Works with Claude Code, Cursor, and any MCP-compatible tool.

## Who is it for?

**Tech Lead / Architect** — You want architecture knowledge to be explicit, versionable, and survive team rotation. Beadloom makes the implicit explicit: domains, features, services, dependencies — all in YAML, all in Git.

**Platform / DevEx Engineer** — You build tooling for the team. Beadloom gives your agents structured context out of the box (via MCP), and your CI pipeline a doc freshness check that actually works.
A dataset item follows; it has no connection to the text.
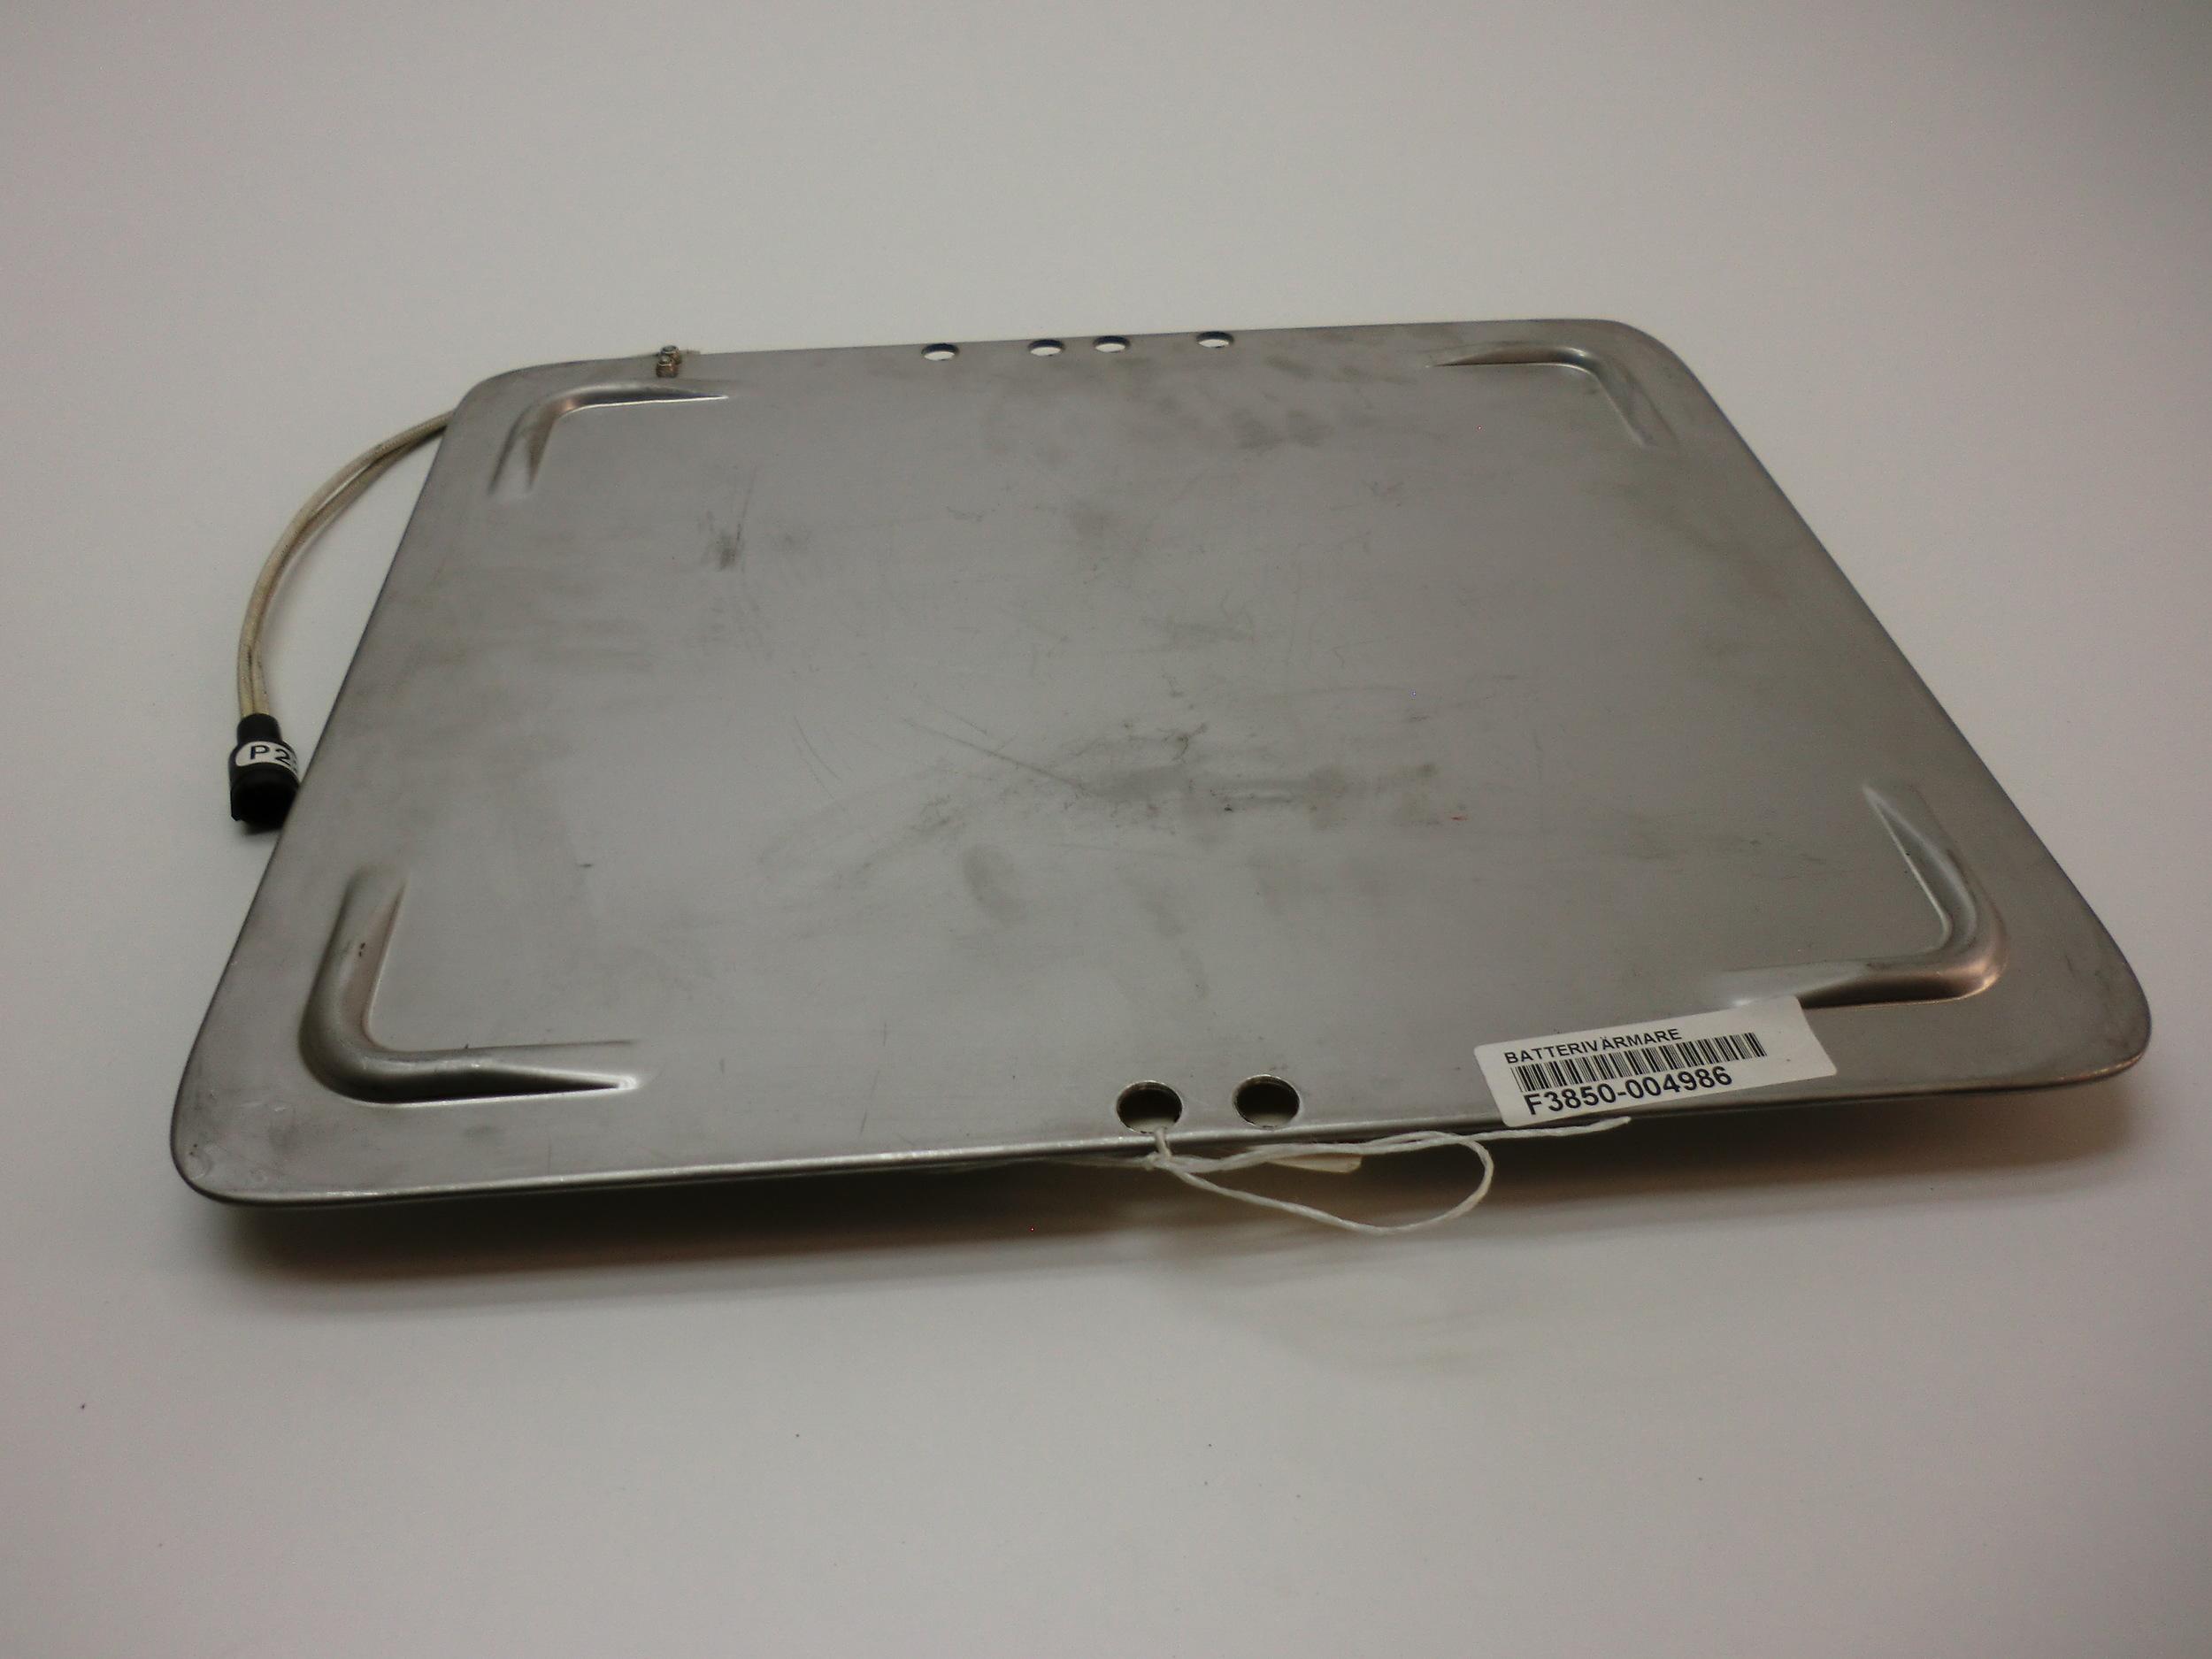 Battery Heater häggo Nr: 153 6006-801 price: 5200 sek

**Individual Developer** — You're tired of spending the first hour on every task figuring out "how does this part of the system work?" `beadloom ctx FEATURE-ID` gives you the answer in seconds.

## Key features

- **Context Oracle** — deterministic graph traversal, compact JSON bundle in <20ms
- **Doc Sync Engine** — tracks code↔doc relationships, detects stale documentation, integrates with git hooks
- **Code-first onboarding** — bootstrap a knowledge graph from code structure alone; no docs needed to start
- **Doc import** — classify and link existing scattered documentation (`init --import`)
- **MCP server** — native integration with Claude Code, Cursor, and other MCP-compatible agents
- **Local-first** — single CLI + single SQLite file, no Docker, no cloud dependencies

## How it works

Beadloom maintains a **knowledge graph** defined in YAML files under `.beadloom/_graph/`. The graph consists of **nodes** (features, services, domains, entities, ADRs) connected by **edges** (part_of, uses, depends_on, etc.).

The indexing pipeline merges three sources into a single SQLite database:

1. **Graph YAML** — nodes and edges that describe the project architecture
2. **Documentation** — Markdown files linked to graph nodes, split into searchable chunks
3. **Code** — source files parsed with tree-sitter to extract symbols and `# beadloom:feature=AUTH-001` annotations

When you request context for a node, the Context Oracle runs a breadth-first traversal, collects the relevant subgraph, documentation, and code symbols, and returns a compact bundle.

The Doc Sync Engine tracks which documentation files correspond to which code files. On every commit (via a git hook), it detects stale docs and either warns or blocks the commit.

## CLI commands

| Command | Description |
|---------|-------------|
| `init --bootstrap` | Scan code and generate an initial knowledge graph |
| `init --import DIR` | Import and classify existing documentation |
| `reindex` | Rebuild the SQLite index from graph, docs, and code |
| `ctx REF_ID` | Get a context bundle (Markdown or `--json`) |
| `graph [REF_ID]` | Visualize the knowledge graph (Mermaid or JSON) |
| `status` | Project index statistics and documentation coverage |
| `doctor` | Validate the knowledge graph |
| `sync-check` | Check doc↔code synchronization status |
| `sync-update REF_ID` | Review and update stale docs |
| `install-hooks` | Install the beadloom pre-commit hook |
| `setup-mcp` | Configure MCP server for AI agents |
| `mcp-serve` | Run the MCP server (stdio transport) |

## MCP tools

| Tool | Description |
|------|-------------|
| `get_context` | Context bundle for a ref_id (graph + docs + code symbols) |
| `get_graph` | Subgraph around a node (nodes and edges as JSON) |
| `list_nodes` | List graph nodes, optionally filtered by kind |
| `sync_check` | Check if documentation is up-to-date with code |
| `get_status` | Documentation coverage and index statistics |

## Configuration

All project data lives under `.beadloom/` in your repository root:

- **`.beadloom/config.yml`** — scan paths, languages, sync engine settings
- **`.beadloom/_graph/*.yml`** — knowledge graph definition (YAML, version-controlled)
- **`.beadloom/beadloom.db`** — SQLite index (auto-generated, add to `.gitignore`)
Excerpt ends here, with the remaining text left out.